As I post this we face the possibility of a major nuclear disaster, especially since an explosion rocked the Fukushima Daiichi nuclear power plant near the town of Okuma, just 250km from Tokyo, one of our planet’s greatest metropolitan conurbations.

It’s just the latest event to remind us of humanity’s contradictory relationship with the rest of nature. This, from 1883’s Dialectics of Nature by Frederick Engels, seems strikingly modern and apposite*:
Let us not, however, flatter ourselves overmuch on account of our human conquest over nature. For each such conquest takes its revenge on us. Each of them, it is true, has in the first place the consequences on which we counted, but in the second and third places it has quite different, unforeseen effects which only too often cancel out the first. The people who, in Mesopotamia, Greece, Asia Minor, and elsewhere, destroyed the forests to obtain cultivable land, never dreamed that they were laying the basis for the present devastated condition of these countries, by removing along with the forests the collecting centres and reservoirs of moisture. When, on the southern slopes of the mountains, the Italians of the Alps used up the pine forests so carefully cherished on the northern slopes, they had no inkling that by doing so they were cutting at the roots of the dairy industry in their region; they had still less inkling that they were thereby depriving their mountain springs of water for the greater part of the year, with the effect that these would be able to pour still more furious flood torrents on the plains during the rainy seasons.
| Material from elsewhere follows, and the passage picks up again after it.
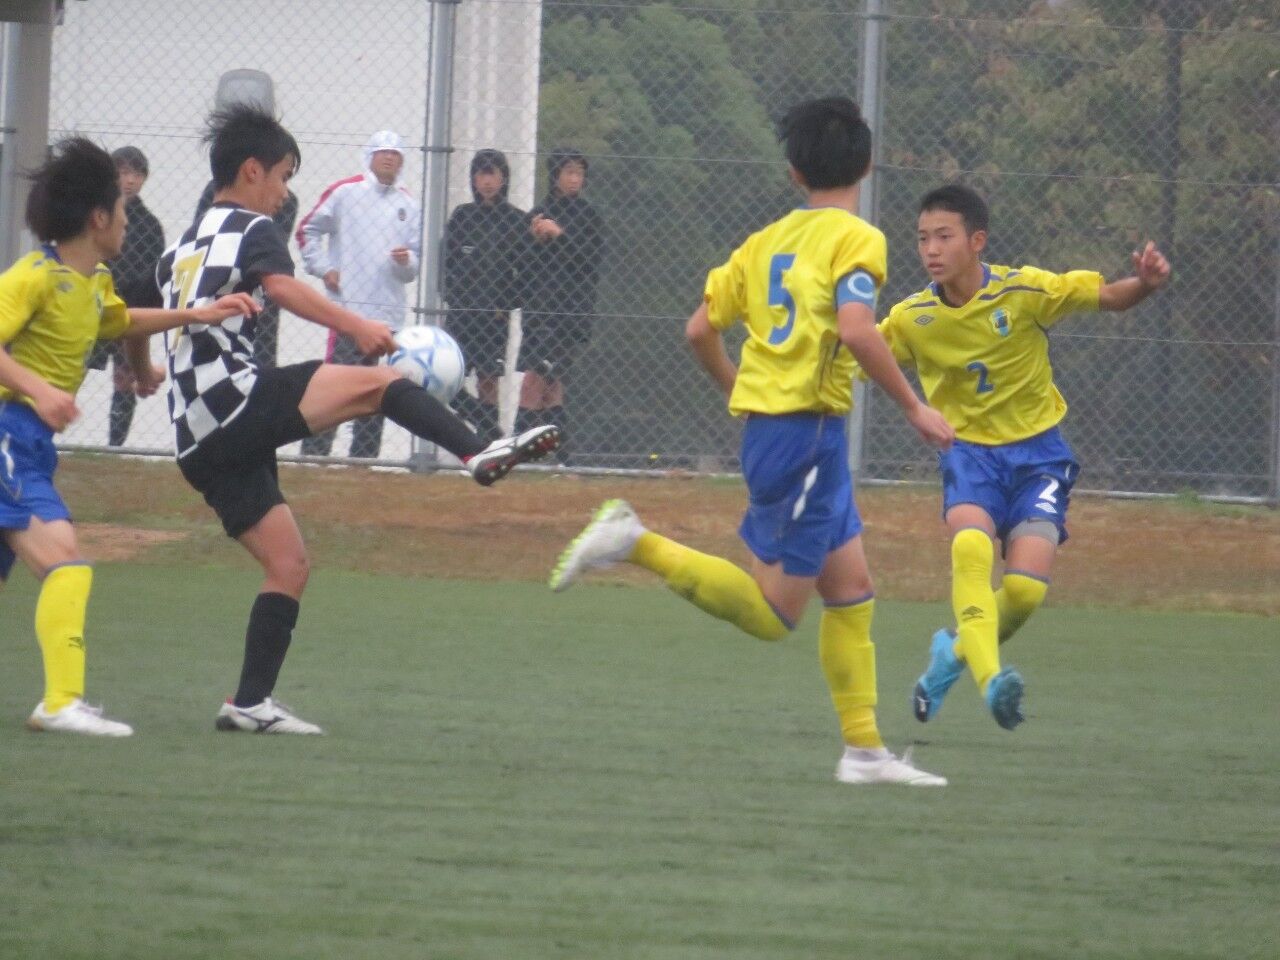 クラブユース選手権中国大会 Vs ハジャスfc Serio魂 All Plays For Goal

Those who spread the potato in Europe were not aware that they were at the same time spreading the disease of scrofula. Thus at every step we are reminded that we by no means rule over nature like a conqueror over a foreign people, like someone standing outside nature — but that we, with flesh, blood, and brain, belong to nature, and exist in its midst, and that all our mastery of it consists in the fact that we have the advantage over all other beings of being able to know and correctly apply its laws.